Ксавье Монтепен - Кровавое дело
— Леон здоров, спасибо.
— Увижу я его за завтраком?
— Ни за завтраком, ни за обедом, потому что его нет в Дижоне. Он только что закончил учиться, и я дал ему отдых. После Нового года я отвезу его в Париж, где он поступит в университет на юридический, и попрошу тебя быть ему добрым другом.
— Твоя просьба совершенно излишня: ты заранее знаешь, что она будет исполнена. Ты знаешь, как я люблю тебя и твоего сына.
— Да, это правда. Как только мы приедем в Париж, первым долгом — к тебе.
— Буду от души рад, прошу не сомневаться.
— Даже и не думаю.
— Где же теперь Леон?
— У моей сестры, madame Фонтана. Он только вчера уехал в Ларош. От сестры он проедет дня на два-три к своему товарищу. Они хотят поохотиться на кабанов.
— Жаль, что не могу повидаться с ним в Дижоне. Ну да ничего. В Париже я вознагражу себя.
— Почему ты не хочешь подарить мне несколько деньков?
— А потому, что мой маршрут начертан заранее и я не имею возможности ничего изменить в нем.
— Значит, это решено и подписано, что ты уезжаешь сегодня вечером?
— Да, сегодня вечером, или лучше сказать, сегодня ночью. Я уже написал Сесиль, что буду в Париже 12-го утром. Бедная девочка! Она так долго не видела отца! Я думаю, ты и сам понимаешь, с каким нетерпением она ждет моего возвращения. Я никогда не простил бы себе, если бы обеспокоил ее, отсрочив свой отъезд хотя бы на один час. Ты согласен со мной, не правда ли!
— Вполне согласен и потому больше не настаиваю. Ты поедешь на курьерском?
— Да.
— Во всяком случае, мы пообедаем вместе?
— Это уже решено.
— И затем, конечно, проведем вместе вечер?
— Само собой разумеется. Я весь к твоим услугам до половины первого. Я предупредил в гостинице, что я не лягу, предпочитая вовсе не спать, чем быть внезапно разбуженным среди ночи.
— И ты совершенно прав. Мы славно проведем вечерок.
— В этом я не сомневаюсь, так как проведу его у тебя и с тобой.

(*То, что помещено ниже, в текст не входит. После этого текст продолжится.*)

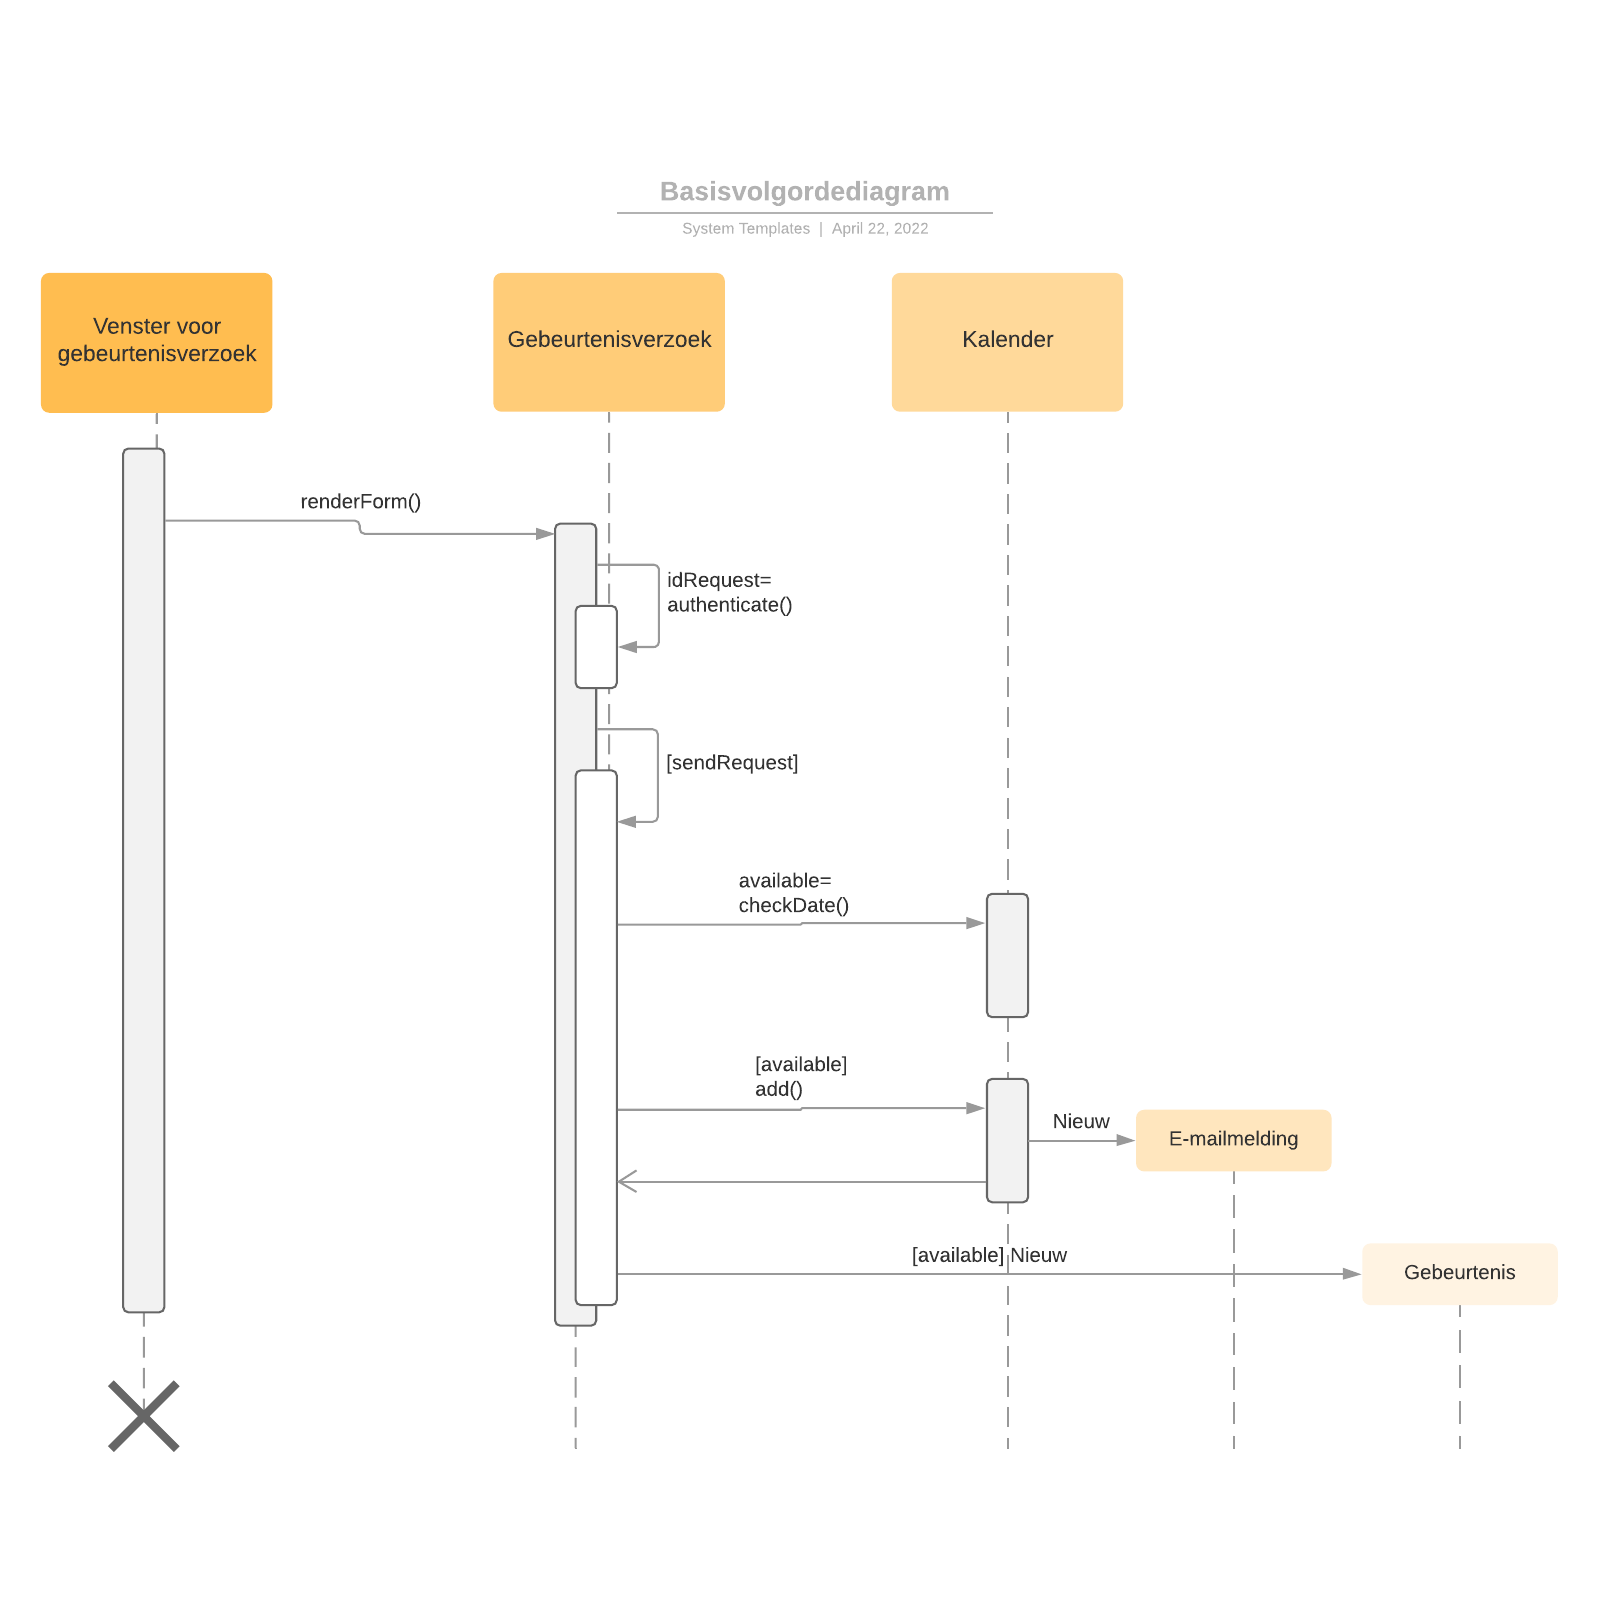 Basisvolgordediagram

— Со мной — да, но не у меня.
— А где же?
— В театре.
— Господи, в театре, в Дижоне! Вот идея-то!
— Моя мысль не так странна, как кажется на первый взгляд. Сегодня вечером у нас бенефис примадонны, и на это торжество собрались парижские звезды, которые примут участие в спектакле. Вот им-то мы и будем с тобой аплодировать. Спектакль продлится заполночь. Из театра ты пойдешь прямо в гостиницу, захватишь багаж, а оттуда — на вокзал, куда поспеешь как раз к отходу поезда.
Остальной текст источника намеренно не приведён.